- _Problem requirements_:
Could you set down the listing below exactly and omit its images?

- _Information supplied_:
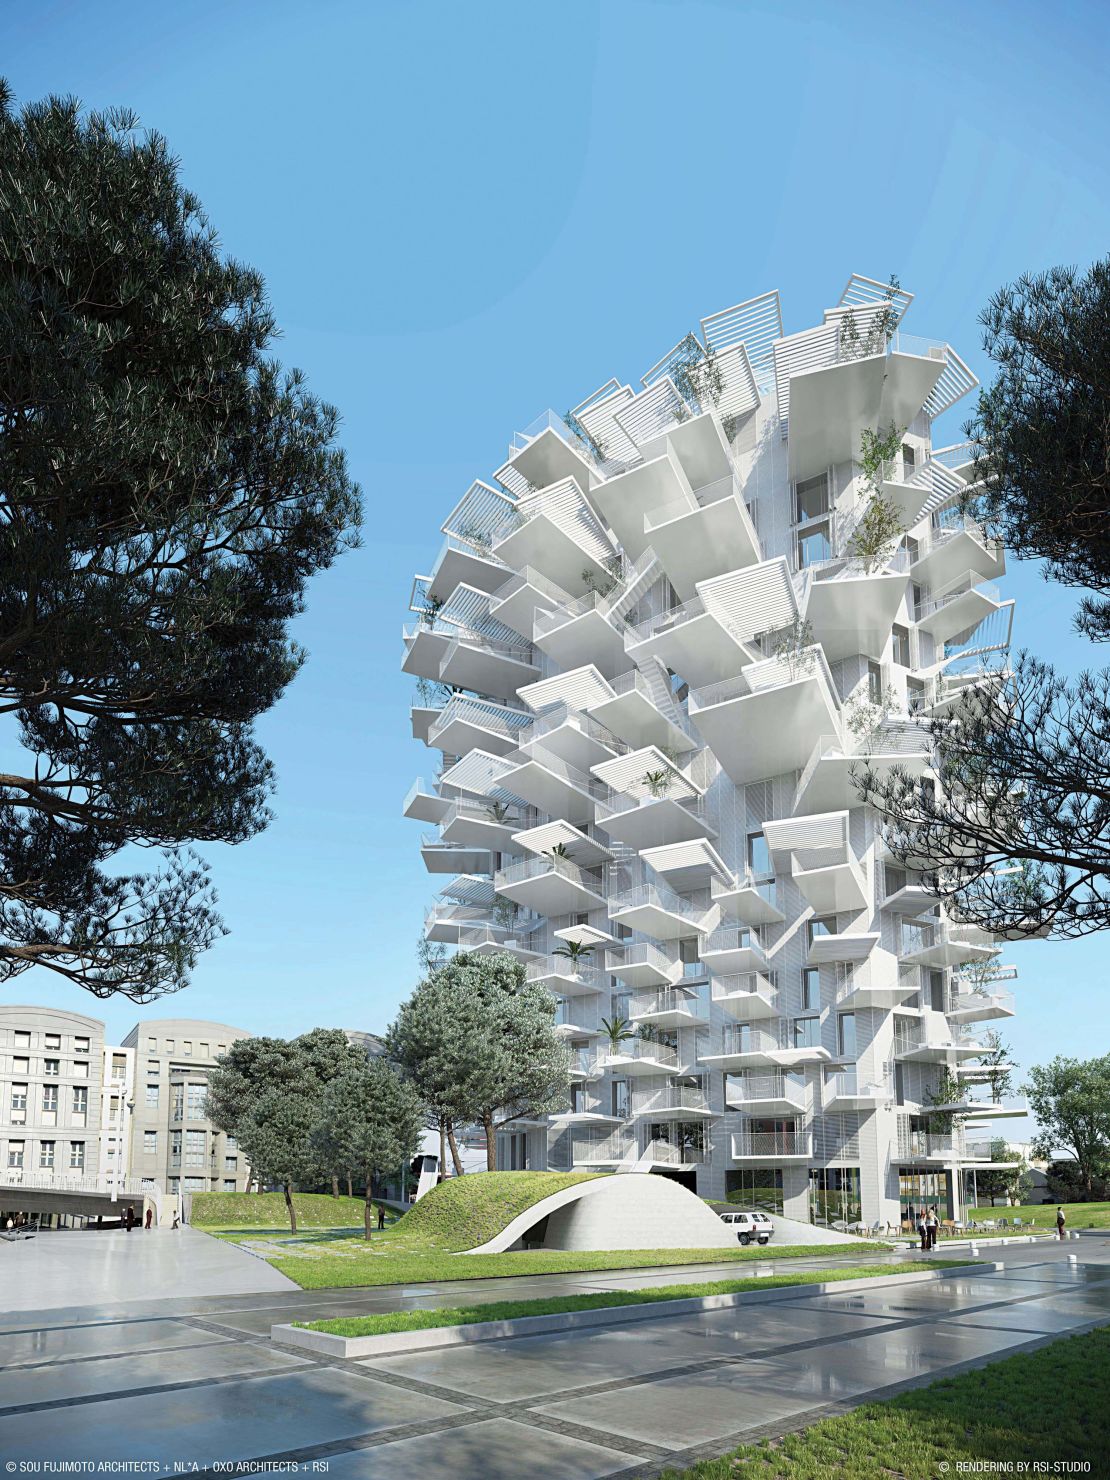 An artist's rendering of L'Arbre Blanc, a building currently under construction in Montpellier, France
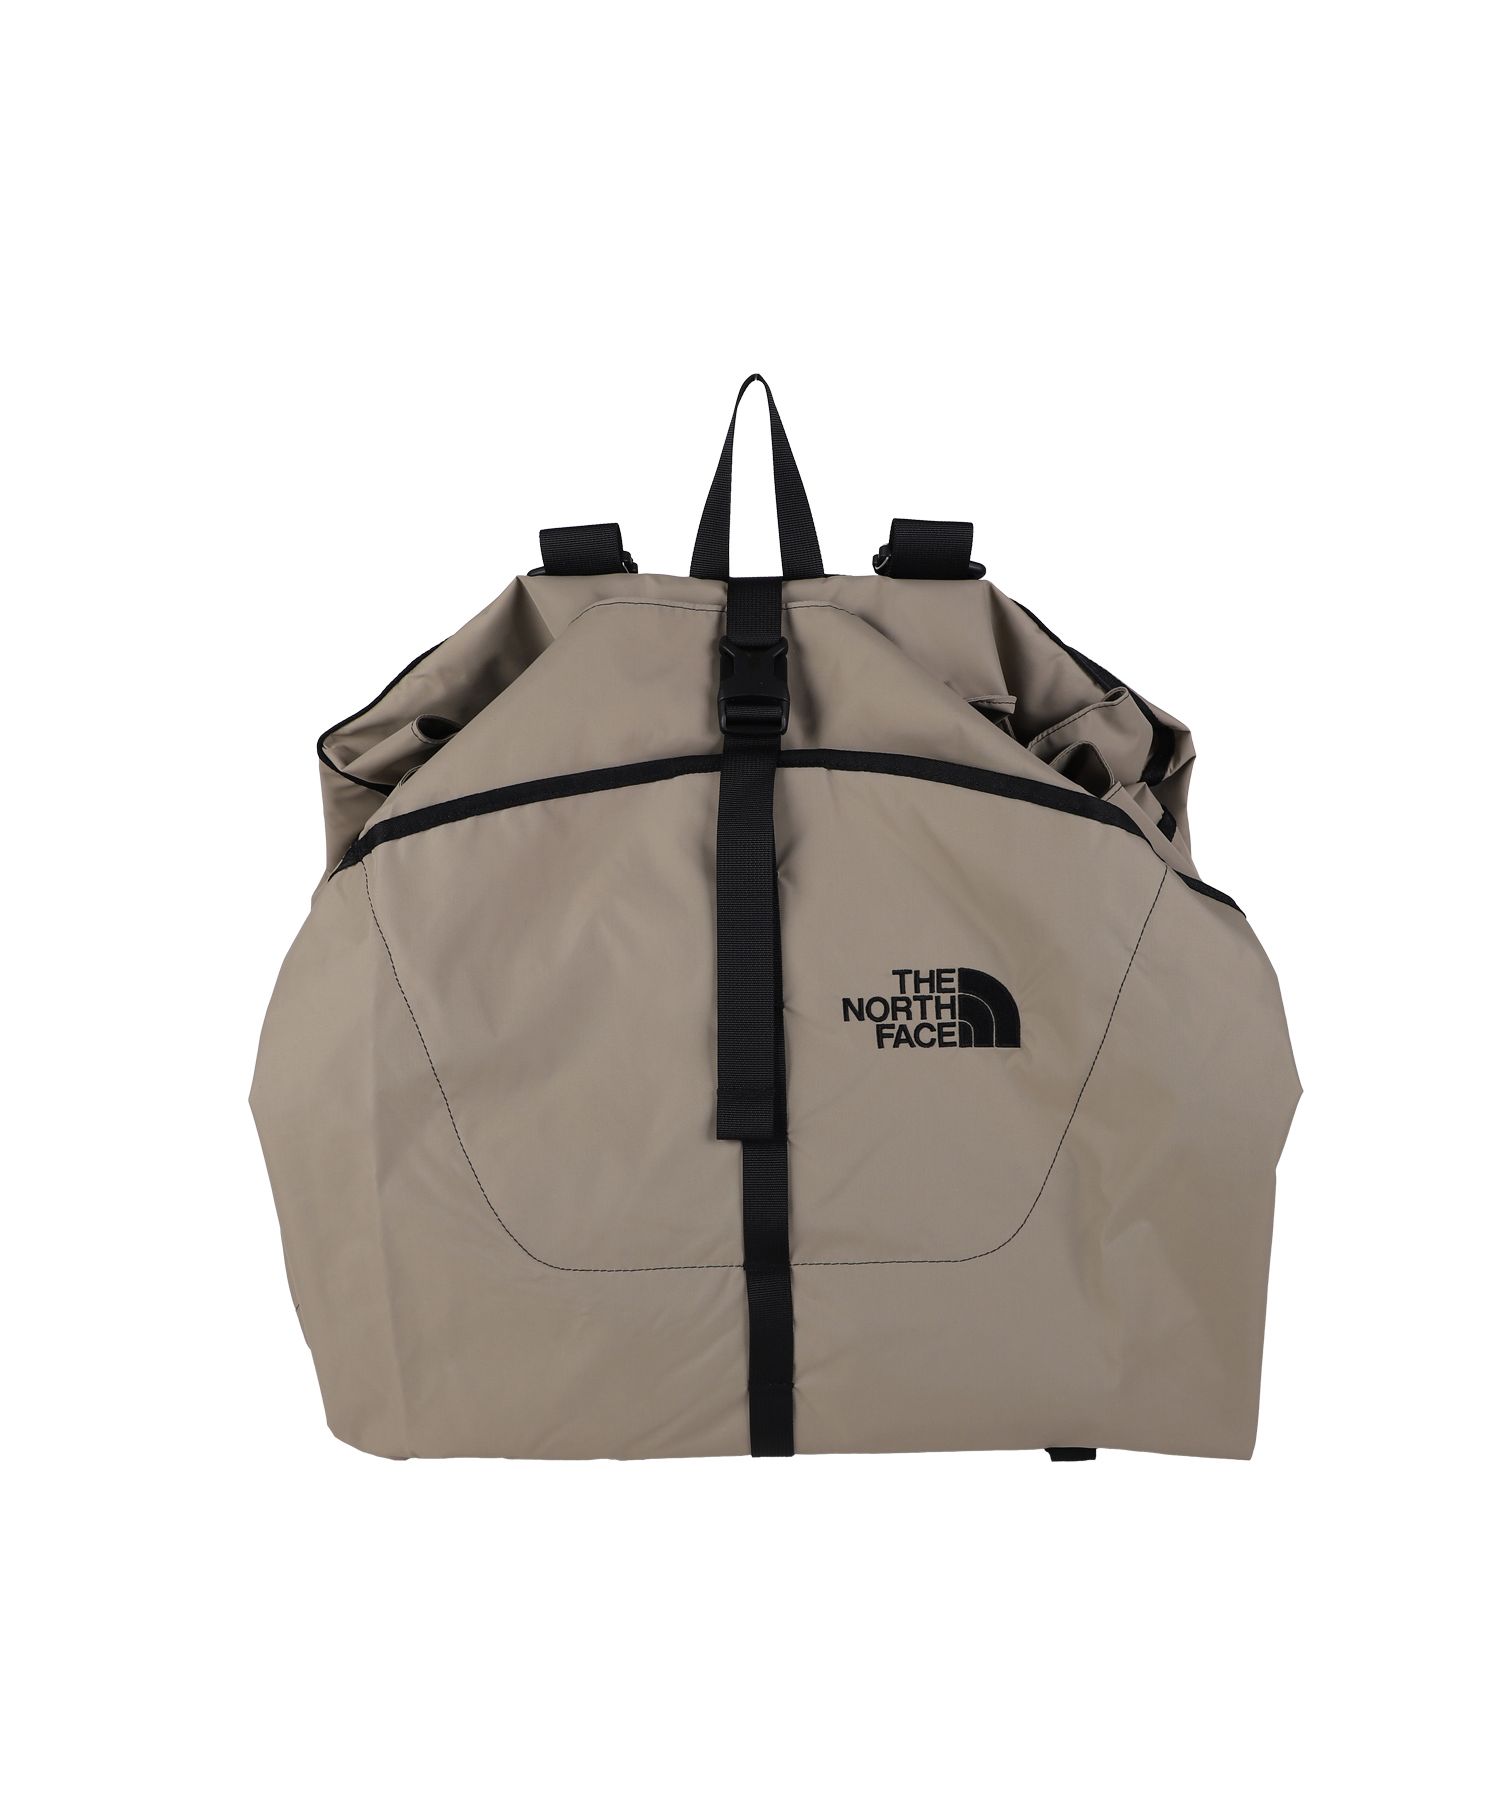 THE NORTH FACE Escape Pack 新品未使用
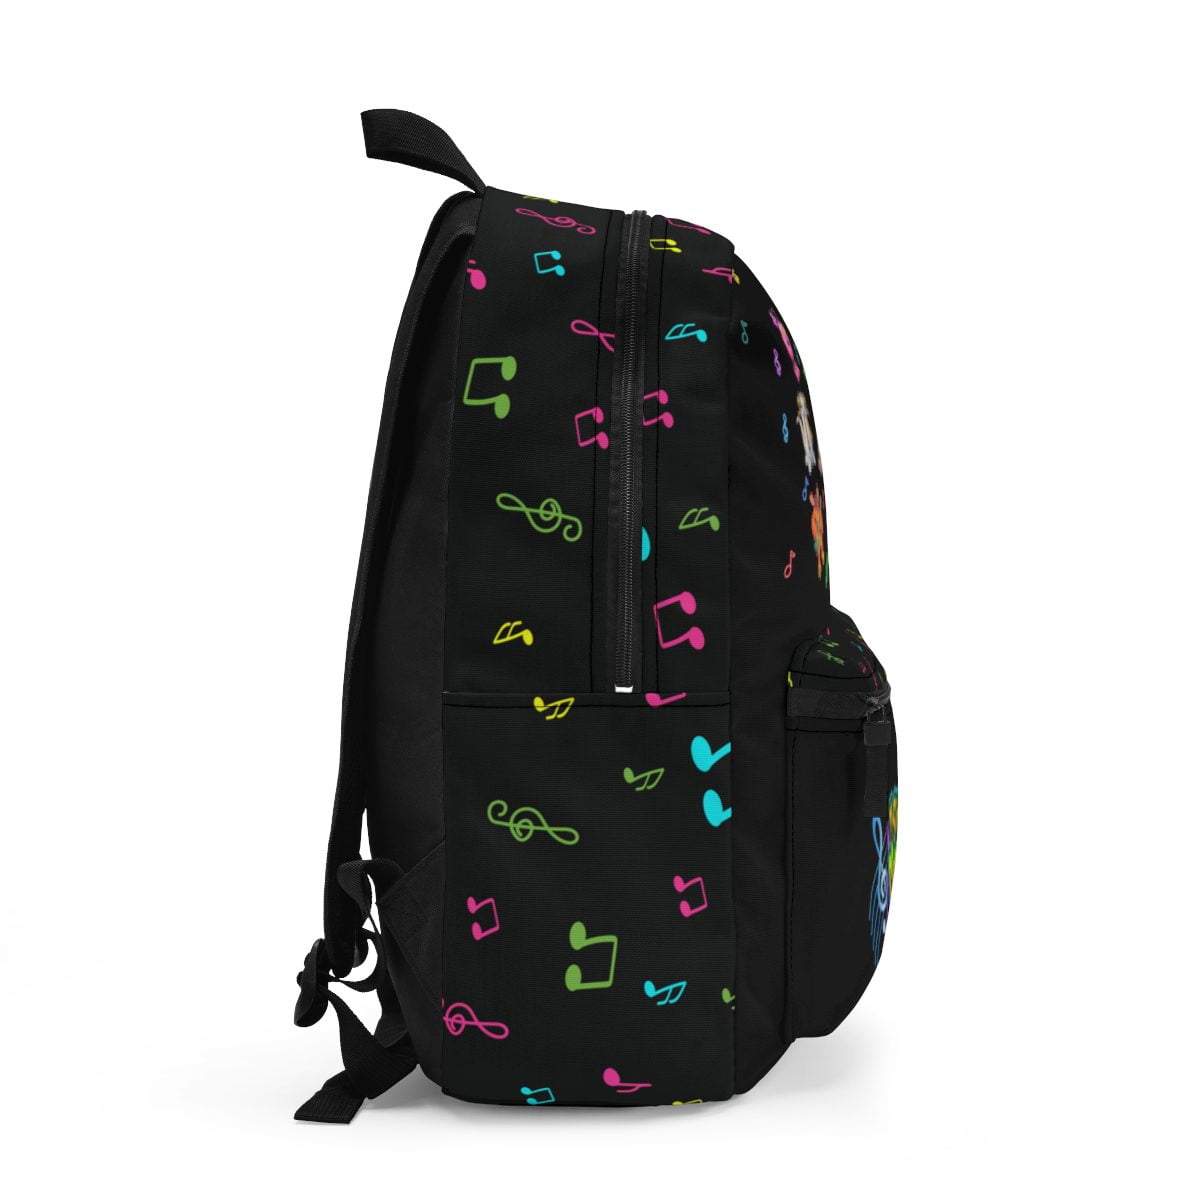 My Singing Monsters Backpack Funny and Colorful Characters Black Background Cool Kiddo 12

- _Result of the exercise_:
 An artist's rendering of L'Arbre Blanc, a building currently under construction in Montpellier, France
 THE NORTH FACE Escape Pack 新品未使用
 My Singing Monsters Backpack Funny and Colorful Characters Black Background Cool Kiddo 12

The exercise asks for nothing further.